The Curaçao Gaming Authority (CGA) has issued a new rule set that sharply narrows how gambling operators can handle cryptocurrency. For high-risk PSPs, the key point is simple: Curaçao is treating crypto as a payment rail for gaming, not as a side business for exchange, wallet transfers, or in-platform conversion.

  1. Gambling platforms can no longer act as crypto exchanges or exchangers. The CGA says operators may accept crypto only as a way to pay for games, which cuts off the kind of embedded swap flow used by platforms like Stake, where crypto exchange and third-party purchase options sit inside the payments section.
  2. Operators are also barred from converting crypto for customers or offering wallet-to-wallet transaction services. In practice, that removes a big chunk of the “we just facilitate the movement” argument that some gaming merchants have used to blur the line between payments infrastructure and crypto services.
  3. Every deposit and withdrawal now needs wallet verification, plus tracking of the crypto’s source and full transaction path. The CGA also requires blocking funds from prohibited sources, including sanctioned wallets, darknet marketplaces, mixers, and tumblers. Each crypto asset must be risk-assessed separately.
  4. Corporate wallet segregation is mandatory: player funds, operating funds, and company reserves must be kept separate. Personal wallets belonging to owners, employees, and beneficial owners are not allowed for this purpose, and the operator must retain full records of crypto activity for regulatory review.

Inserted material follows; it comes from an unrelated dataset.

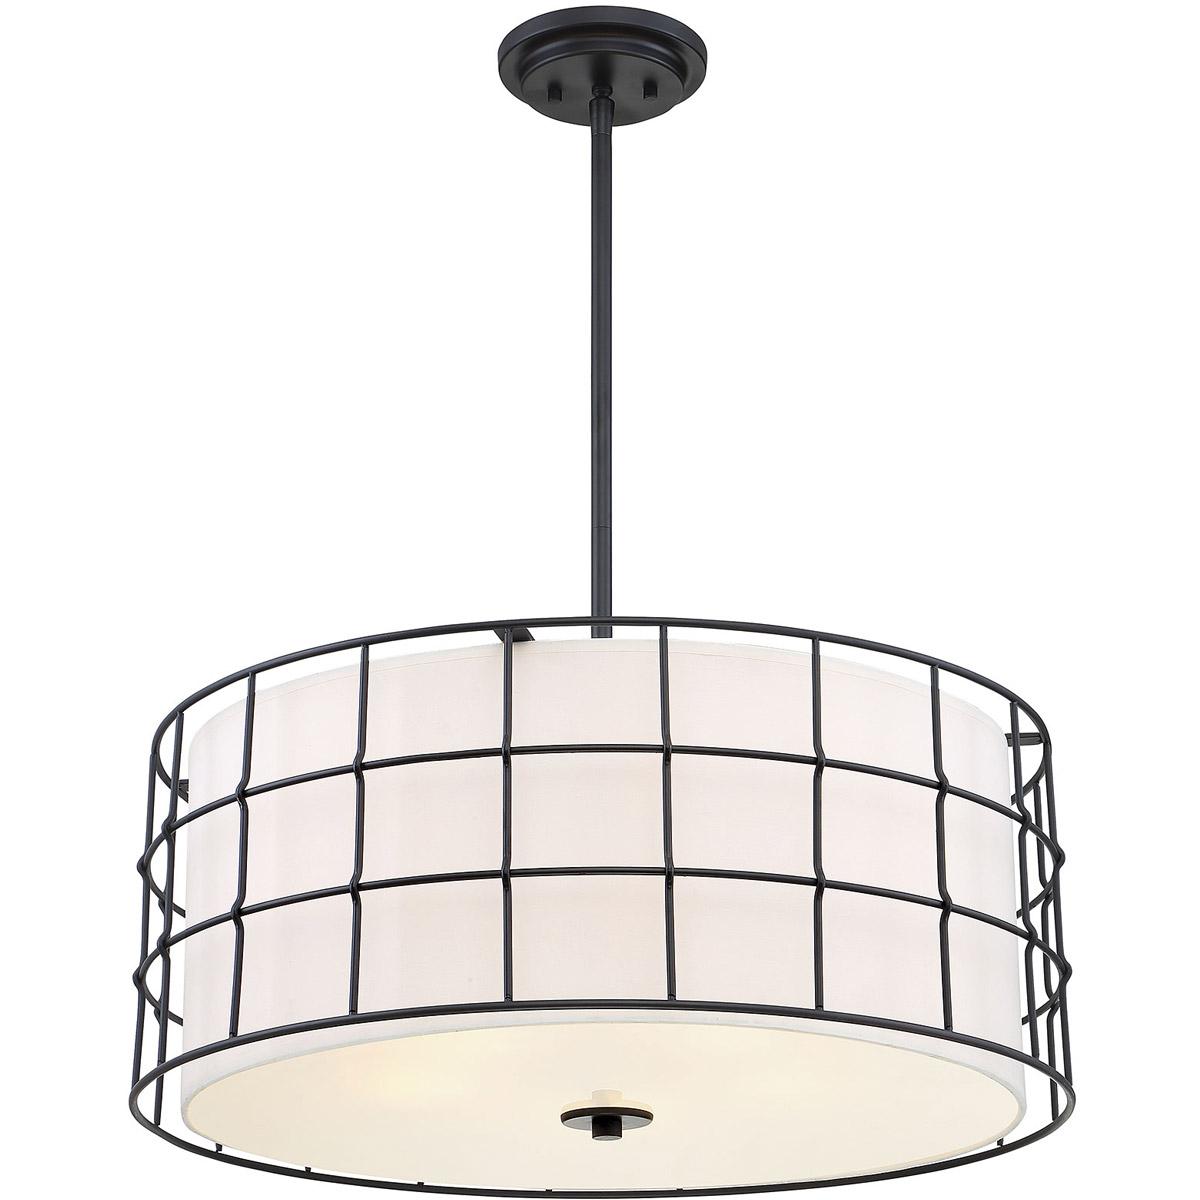 Current Details About Savoy House Lighting 7 8501 5 89 Hayden Pendant Black Regarding Hayden 5 Light Shaded Chandeliers (View 18 of 20)

  5. The rollout is staged. Internal crypto operating rules must be submitted to the CGA in September 2026, risk assessments, payment-partner checks, and staff training must be completed by December 2026, and full compliance is due by June 2027.

For PSPs and acquirers servicing Curaçao-licensed merchants, the practical takeaway is that crypto handling is becoming a controlled compliance function, not a loose operational convenience. If a payment stack depends on internal swaps, customer wallet routing, or mixed-use corporate wallets, this rule set forces a redesign.